_DIRECTIONS_. From the line containing "Demonstranten tijdens het" to the line containing "腕時計, レディース腕時計 10OFF2195930SEIKOSEIKO" in the entries below, reproduce every line exactly, ends included. Nothing else belongs in the copy, and no pictures.

_GIVEN DATA_.
===
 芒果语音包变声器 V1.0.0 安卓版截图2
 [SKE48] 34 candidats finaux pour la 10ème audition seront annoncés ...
===
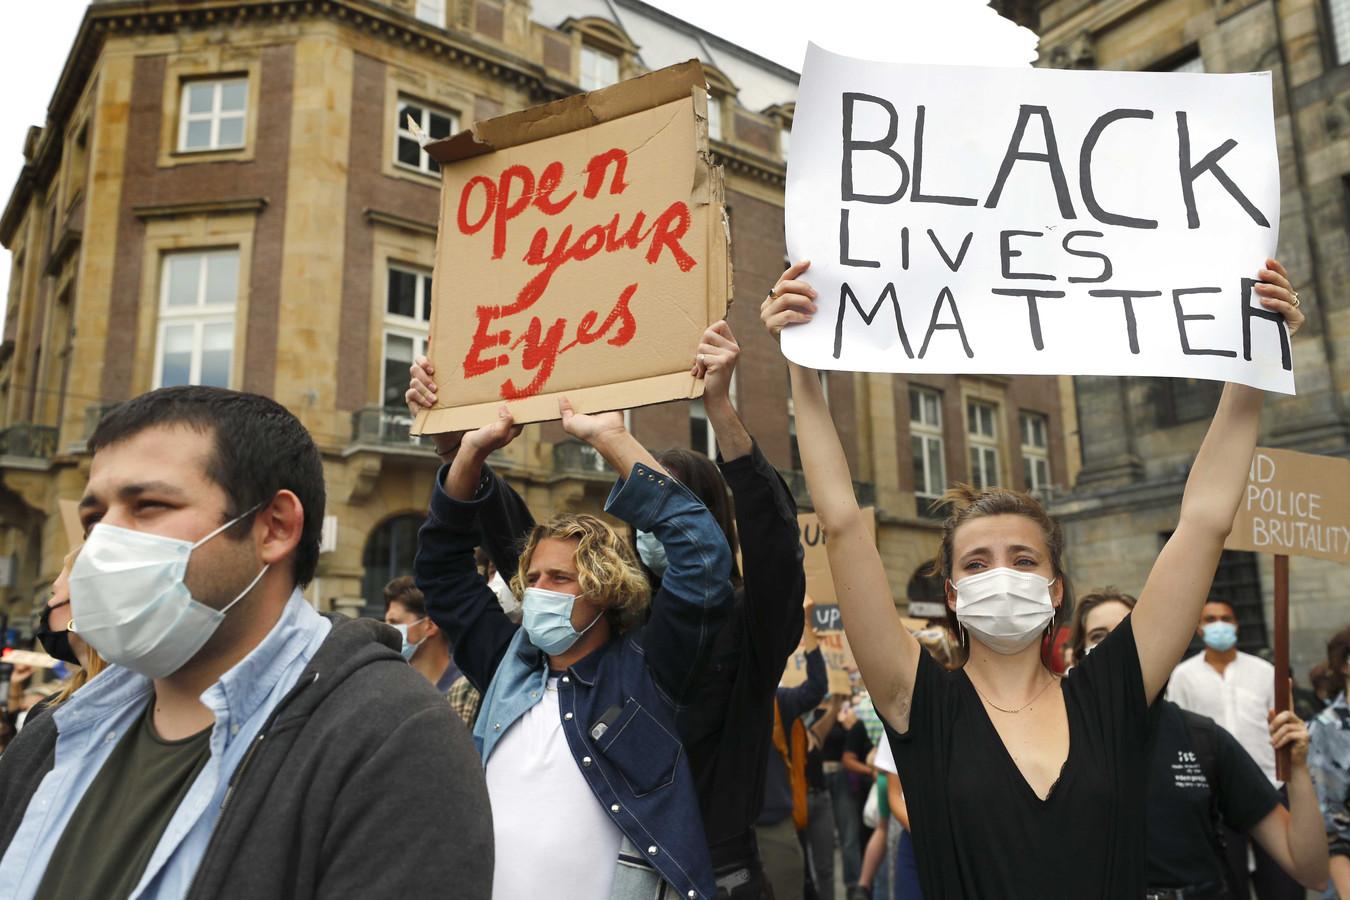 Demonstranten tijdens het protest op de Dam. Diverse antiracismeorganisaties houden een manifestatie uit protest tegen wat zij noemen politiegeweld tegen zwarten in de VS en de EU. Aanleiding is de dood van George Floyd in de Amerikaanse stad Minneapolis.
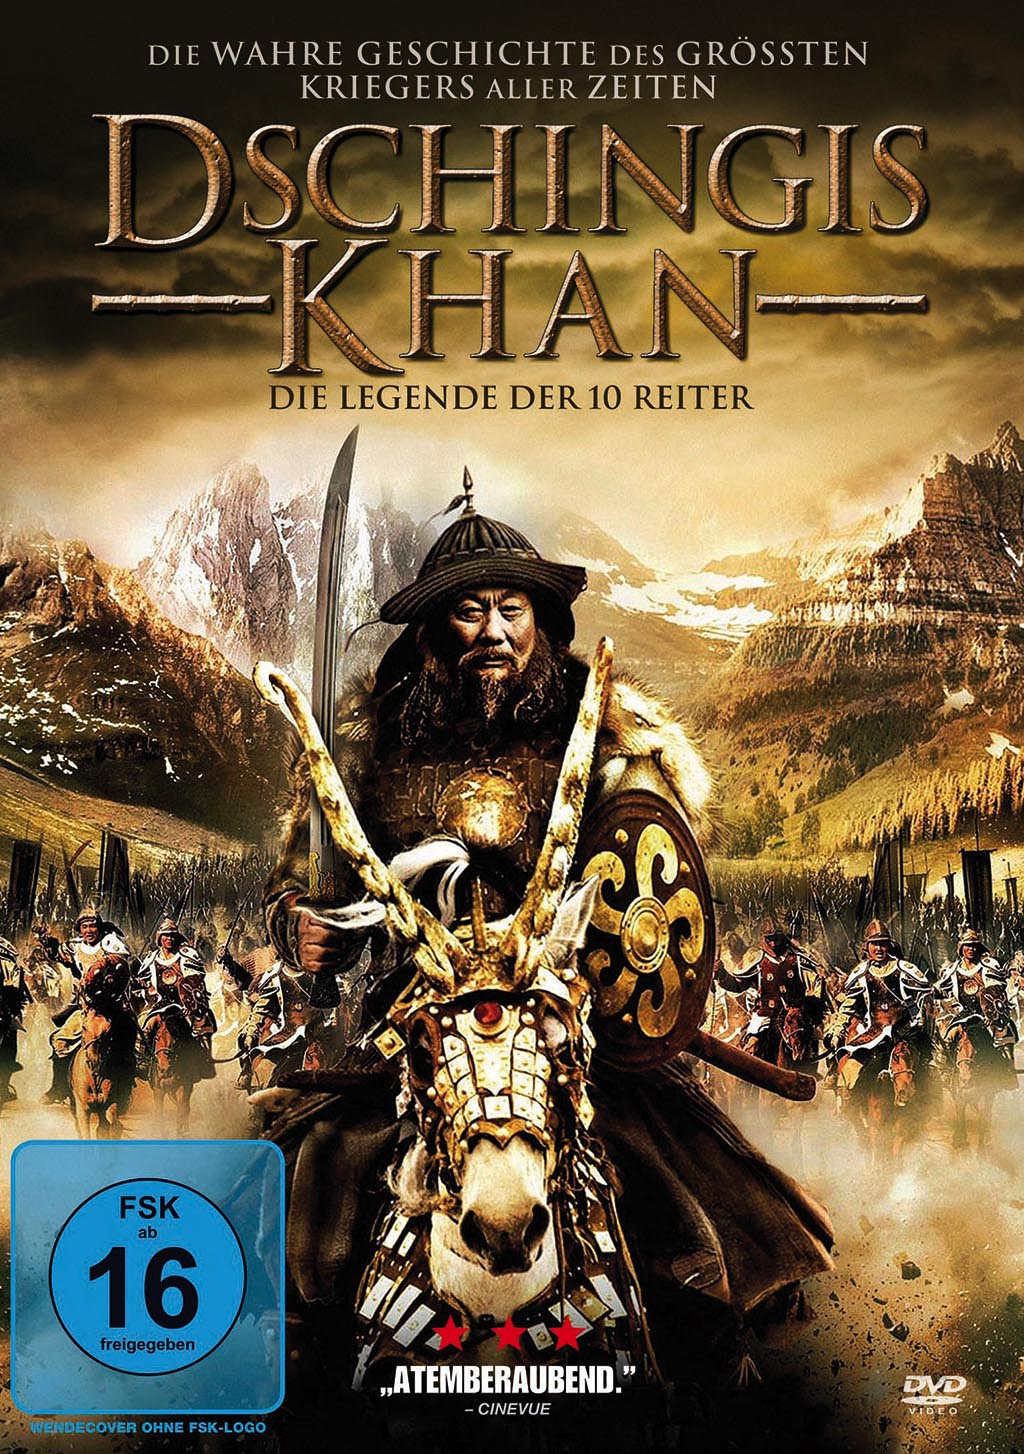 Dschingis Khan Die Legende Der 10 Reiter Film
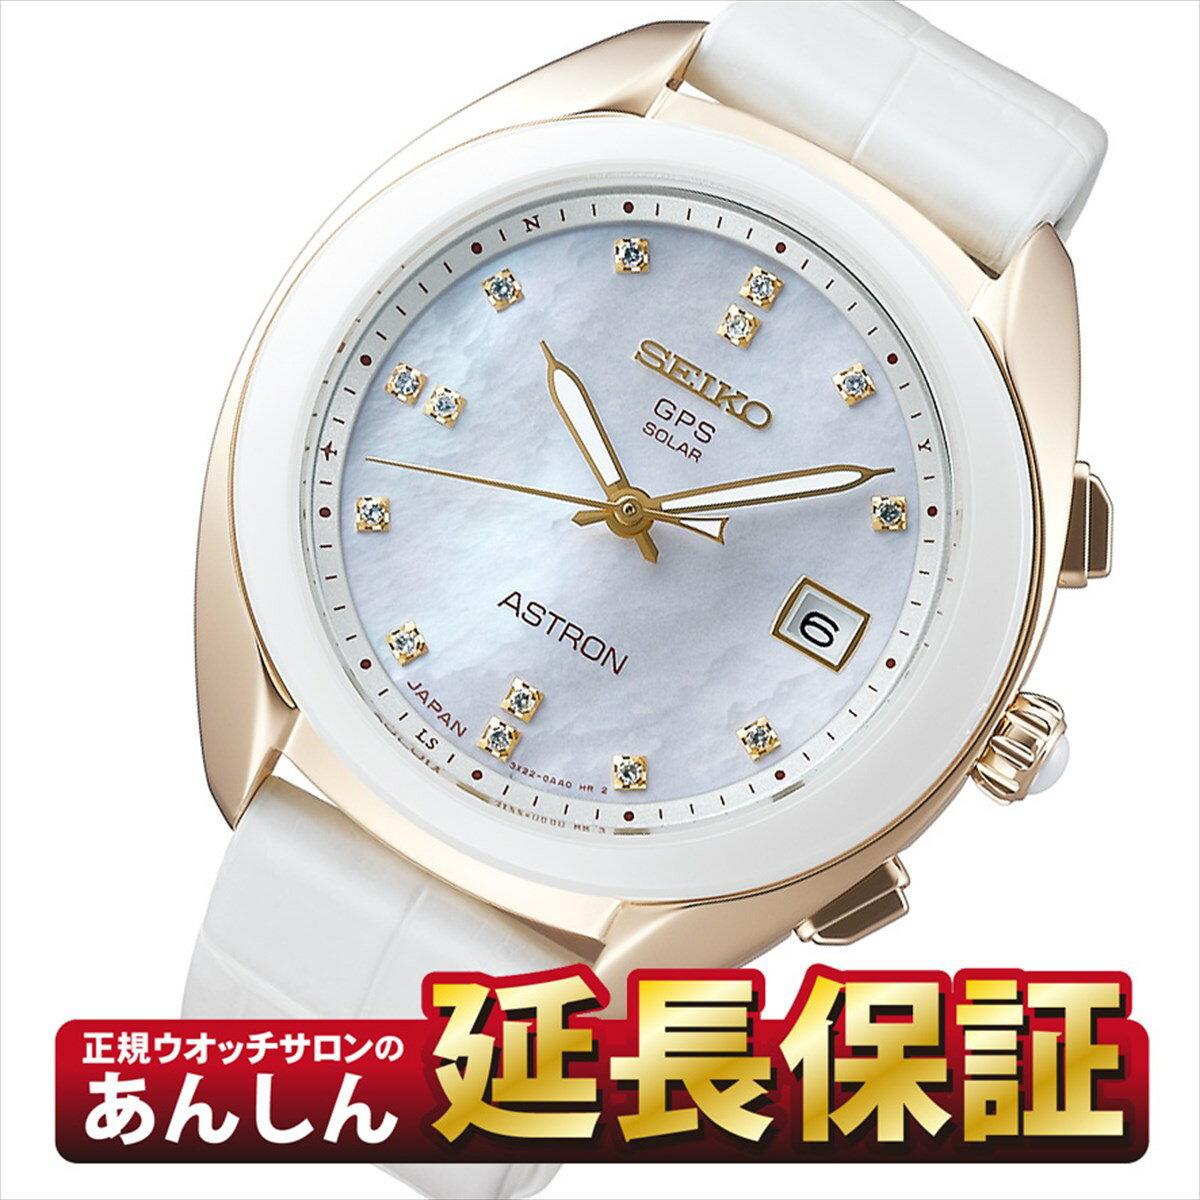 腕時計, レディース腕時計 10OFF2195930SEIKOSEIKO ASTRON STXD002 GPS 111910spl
===
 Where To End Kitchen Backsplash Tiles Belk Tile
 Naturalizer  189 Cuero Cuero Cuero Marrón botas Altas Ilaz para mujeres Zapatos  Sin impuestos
===
_EXERCISE RESULT_.
 Demonstranten tijdens het protest op de Dam. Diverse antiracismeorganisaties houden een manifestatie uit protest tegen wat zij noemen politiegeweld tegen zwarten in de VS en de EU. Aanleiding is de dood van George Floyd in de Amerikaanse stad Minneapolis.
 Dschingis Khan Die Legende Der 10 Reiter Film
 腕時計, レディース腕時計 10OFF2195930SEIKOSEIKO ASTRON STXD002 GPS 111910spl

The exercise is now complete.